I do not comment much on dkos and only attempted my first diary yesterday, but I cannot help but heed today’s call by MinistryOfTruth for healthcare horror stories. I have long believed that the most moving stories on dkos are the most personal ones, yet I feel that we are socially ingrained not to lament our trials and hardships and therefore have never felt the need to tell mine, until today.
I believe that with over three hundred million people in this country, many of our stories may have parallels to others’ stories. This is the story of healthcare and it has how the effects of it have pushed many such families from strong working class, to destitution.
I was born in 1975 and after my father had worked in two family owned businesses, one with my uncle and another with his brother, he started his own carpet cleaning service with one buffer and an extractor in 1980. We moved to Sacramento from Salt Lake City and by 1983 he was making around $4000 a month in 1983 dollars, working by and for himself. Unfortunately, a downturn in our local economy cut his business more than half and by 1985 he was supporting a family of 5 on roughly $1500 a month. That was still okay money for the 80’s and he could afford a little home and yard. When he began shopping for health insurance, he found that the premiums for a family of 5 were around $500 a month(possibly he could have found a policy for less, I don’t know what it was like except for what he has told me) so he opted to ration care and invest that in advertising and living expenses.
Around 1986 he began to have blurring in his vision and discovered he was developing cataracts. Without health insurance and a monthly income that varied, after car repairs, rent, food for the kids, ect., there was simply no savings in the bank. My parents had to decide between taking out loans or looking at state assistance programs. This is where the Catch-22 for lower middle class people comes in. They were not financially stable enough to afford private insurance, and not poor enough for the government programs. He was only eligible for assistance provided that he was 100% blind from the cataracts and his income fell into the poverty threshold. After he was blind and had no income, then we were able to qualify for Medicaid, Welfare, and Foodstamps. He did receive his surgery and was able to work again, but in the meantime his small business since he was the sole owner/operator.
He decided to work under the table for the few customers he had remaining in order to avoid us kids losing our Medicaid, for if he officially started working full time and made too much, we would again be without insurance. Flash forward to 1987(Reagans stock market crash year), my parents hated living off of welfare wanted to rejoin the ranks of lower middle class society. After a period of unsuccessfully looking for a job that paid enough to support his family, my father decided that he would renew his business license and my mother would take a part time job to bring in extra money. My father was only making a little money as he was in the position of rebuilding a customer base. We were no longer eligible for government aid and no insurance, but they were behind on rent and had very little disposable income(if any at all), so of course private insurance was not realistic.
I did not know it at the time, but in 1988 my mother started to have stomach problems. She was trying to ease the pains with Tums and Alka-Seltzer. My parents considered going to the doctor, but they did not know how they were going to pay for doctor’s tests when they were a month late on rent, kids need school supplies, cars need repairs, and of course we needed to eat. Why go another $200 or $300 hundred in debt for an upset stomach, right? You see, we do not let the government ration care in this country, we do it ourselves based on money.
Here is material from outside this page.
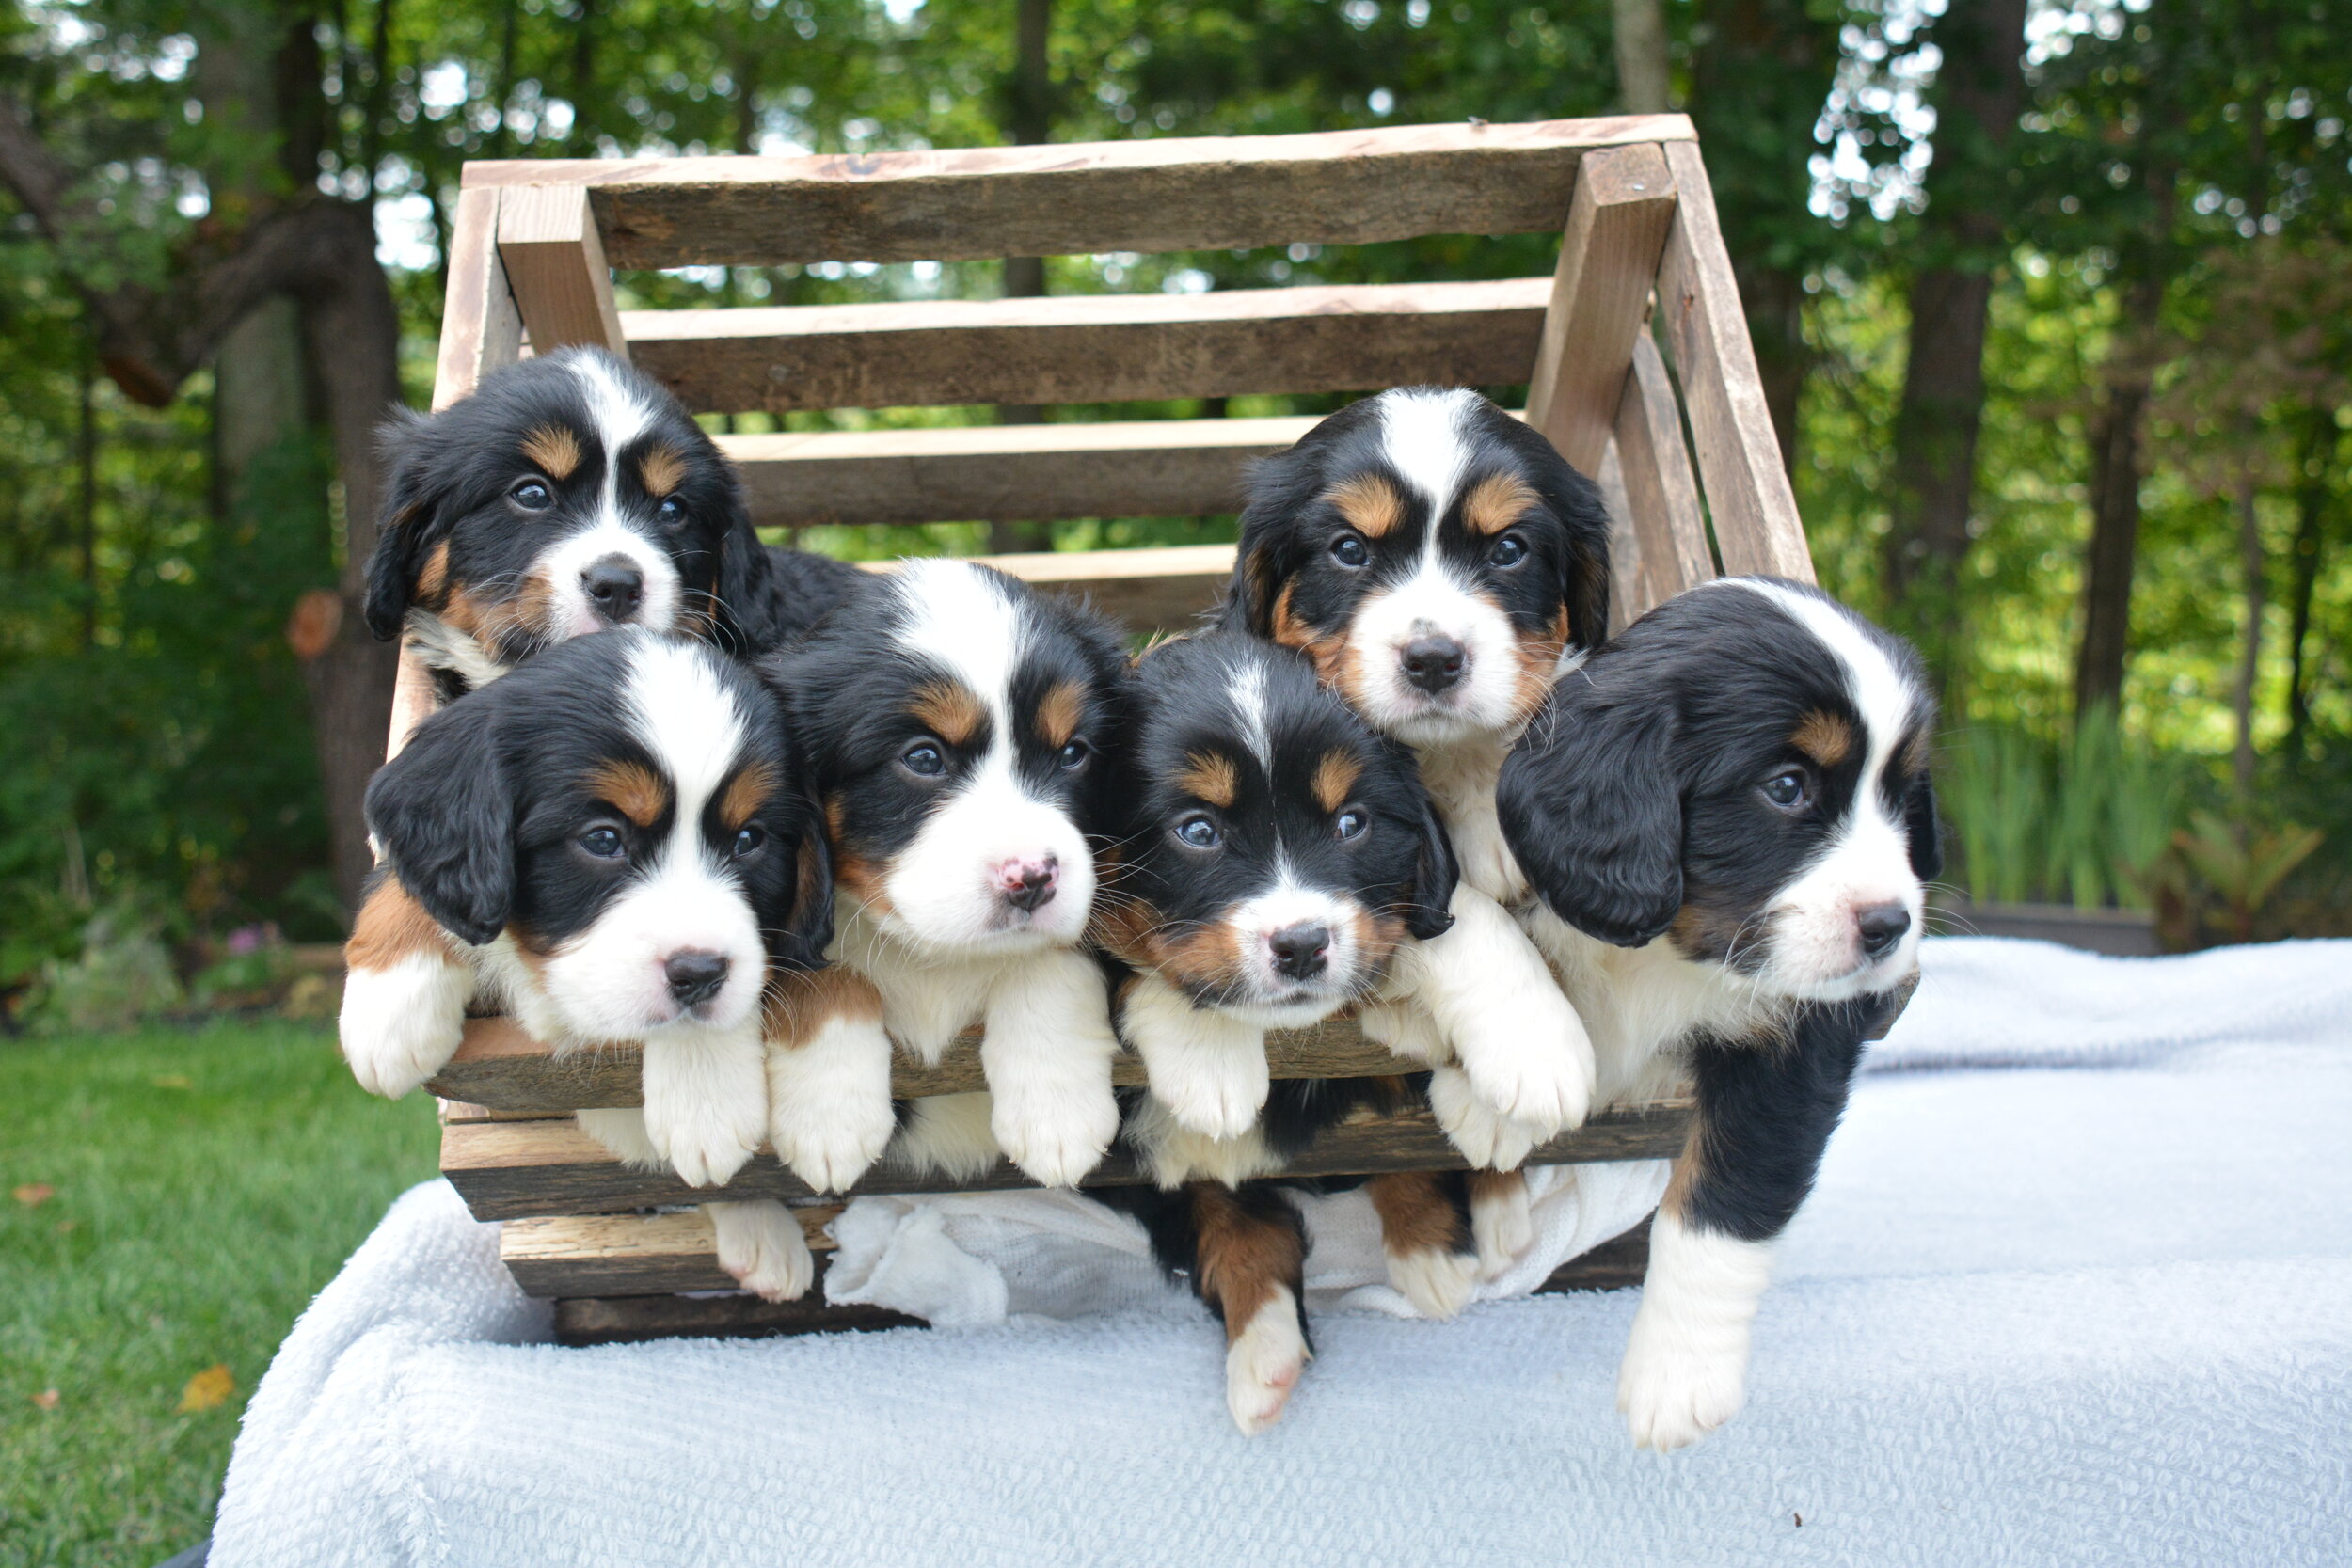 14 Questions You Should Ask Bernese Mountain Dog Breeders - The Paws

Maybe that might have been a mistake once her stomach began swelling later that year. Once they finally took her to the emergency room (because of course that is where our nation’s poor instead of getting a simple checkup. Diagnosis: intestinal cancer that had grown along the walls on three feet worth of small intestine. They were able to remove that, unfortunately, since they waited so long to seek medical care, some of the cells had spread to the liver; iImmediate chemotherapy to follow.
By April of 1989 my father was a widower with a $40,000 medical bill and bankruptcy to follow. My father was too shattered after that to work for fear that his kids would lose Medicaid and did not try to work until my youngest sibling turned 18 in 2000. I know that Rush Limbaugh and Glenn Beck would call a man like my father a "welfare bum" who was too lazy "pull himself up by his bootstraps." Even today I can see the broken dreams of a once promising small business owner when I am with him(he is 58 and starting to show signs of dementia), one of countless lives altered so that Bill McGuireand his ilk can continue to rake in hundreds of millions in blood money(li
terally).
Update: Write diaries. I have been a lurker for so long and thanks to everyone who rec'd my second attempt at one. There are so many talented diarists around here that I was shy about beginning to write them. I only had 4 comments after posting this that I signed off and went to do errands only to find over 100 comments to go through. Thankyou for everyone for sympathy, but this is not about personal heartbreak. This is about the reality. I encourage everyone who has posted there own stories in the comments to write a diary as MinistryOfTruth has requested. Let our voices be heard.
Fri Feb 13, 2015 at 3:12 PM PT: Had to make a quick edit to change "right" to "write" in my previous update. Sorry about that, but all changes are documented. No sneaky stuff with me; honesty is important.